Filmes como Ghosht, O ceu pode esperar, Os Outros, podem ter sido precursores, mas Nosso Lar, nao é fantasia (pelo menos para os Espíritas), e para os produtores que investiram.
Quebra de Paradigmas, com uma nova proposta de uma nova sociedade, quem sabe....
sao as respostas de tantas criticas que fazemos eco em nosso bom e velho Rock & Roll.
Shine On
Caro João,
percebi sua dificuldade de avaliar o filme, o que realmente não é fácil, pois em grande parte você decidiu abordar o conteúdo, embora tenha feito suas ressalvas super válidas. Mas já que foi por esse lado, o filme retratou muito bem concepções espíritas: As cidades espirituais realmente "pairam" sobre as físicas e são parecidas, mas sem a confusão típica das vibrações mais baixas; as sensações no mundo espiritual são análogas às físicas, principalmente quando se está demasiado preso à matéria; as casas deveriam ser realmente simples, pois a noção de riqueza que temos no mundo físico não se aplica; a II Guerra Mundial já havia começado, e a isto se refere o filme. Enfim, achei o filme muito inspirado e bem amarrado nesse sentido.
Abraços,
Sergio Ricardo Lima
João,
Numa avaliação geral, gostei da tua crítica. Mas acho que ela carece de mais substância. Parece-me que vc não leu o livro, não é isso? Porque a leitura prévia mudaria toda a ótica com que vc nortearia a crítica.
Quando André Luiz resolveu "escrever" o livro, queria dar alento ao ser humano, mostrando em minúcias um mundo melhor que espera as pessoas após a morte, desde que elas busquem se melhorar em suas vidas presentes. E, ao mesmo tempo, mostrar que o Universo pode se "esquecer" de quem prefere seguir outros caminhos...
Enfim, um livro pra incentivar o crescimento espiritual das pessoas.

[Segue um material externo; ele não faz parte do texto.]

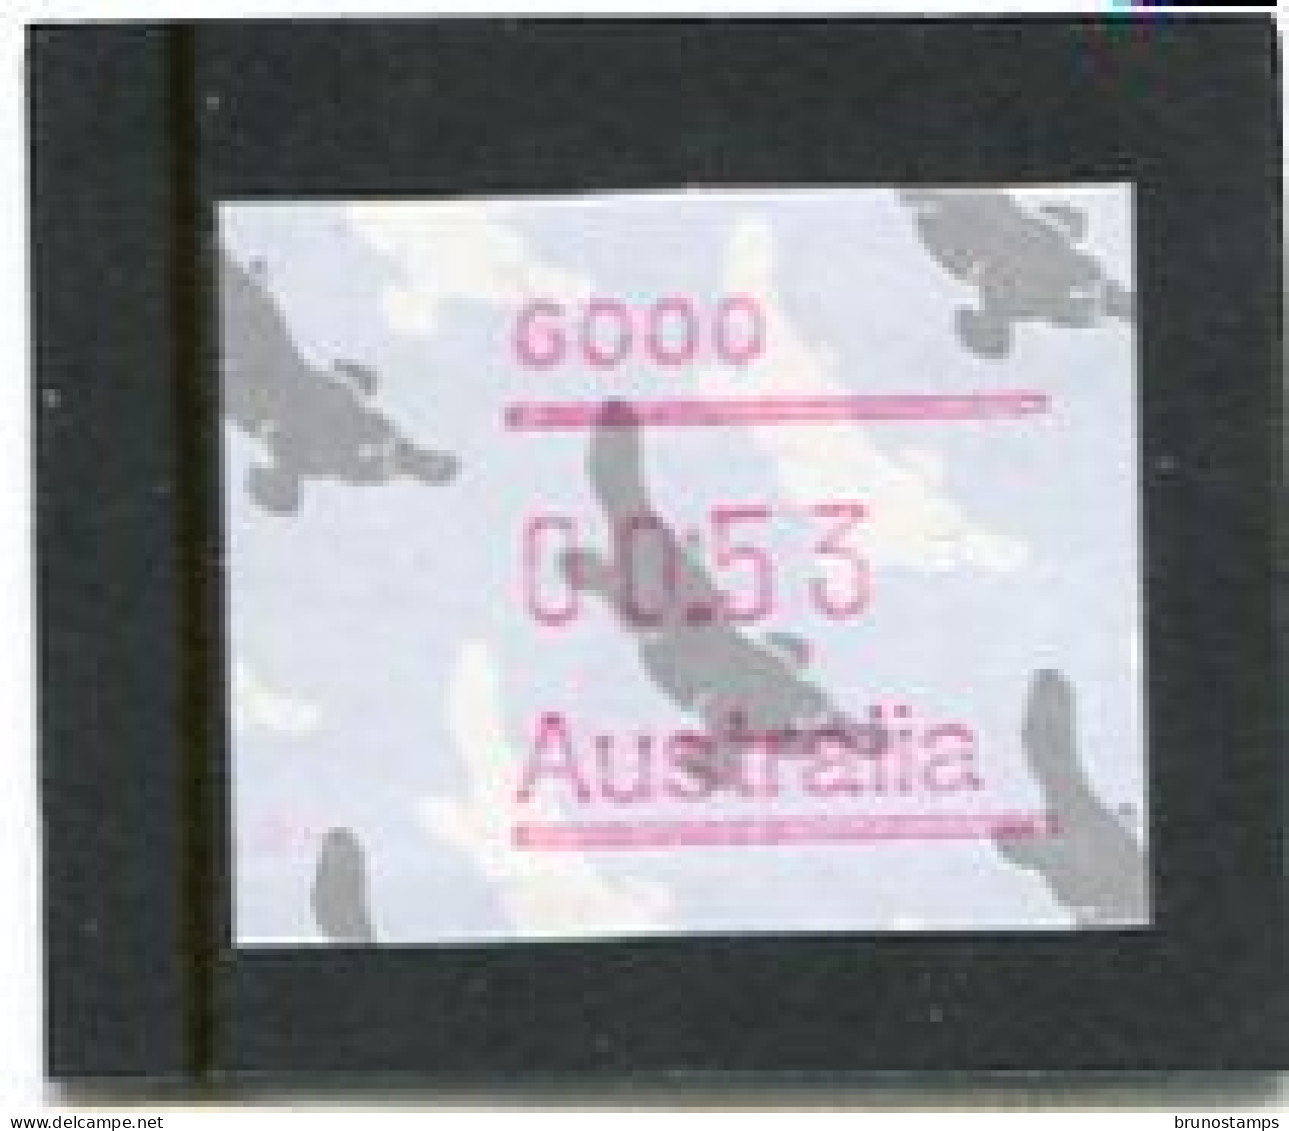 AUSTRALIA - 1987  53c  FRAMA  PLATYPUS  POSTCODE  6000 (PERTH)  MINT NH - Timbres De Distributeurs [ATM]

E ver isso agora transformado em filme, mesmo que tacanho, é uma grata surpresa pra todos que já o leram.
Abraço, meu amigo!
Eu disse que seria difícil pra vc ver esse filme, e mais dificil ainda tecer uma critica sobre ele.
o ser humano já é cheio de pré conceitos, e isso influencia direta e incisivamente sobre nossas opiniões, mesmo que essas tenham um proposito "profissional" como o seu.
nao vou julgar se sua critica é boa ou ruim, se o filme é bom ou ruim (mesmo pq só li o livro, e mto antes de pensarem no filme), mas acredito que vc fez bem o seu papel de ser humano: cheio de pré conceitos e dúvidas. rs
Bjs!
Como Clinton, também achei que o João conseguiu fazer uma crítica imparcial e cheia de insight. "Pré conceitos" parecem ter os que assumem que uma sociedade altamente burocrática baseada na valoração do trabalho medido em "bônus-hora" seja "um mundo melhor" ou uma sociedade melhor.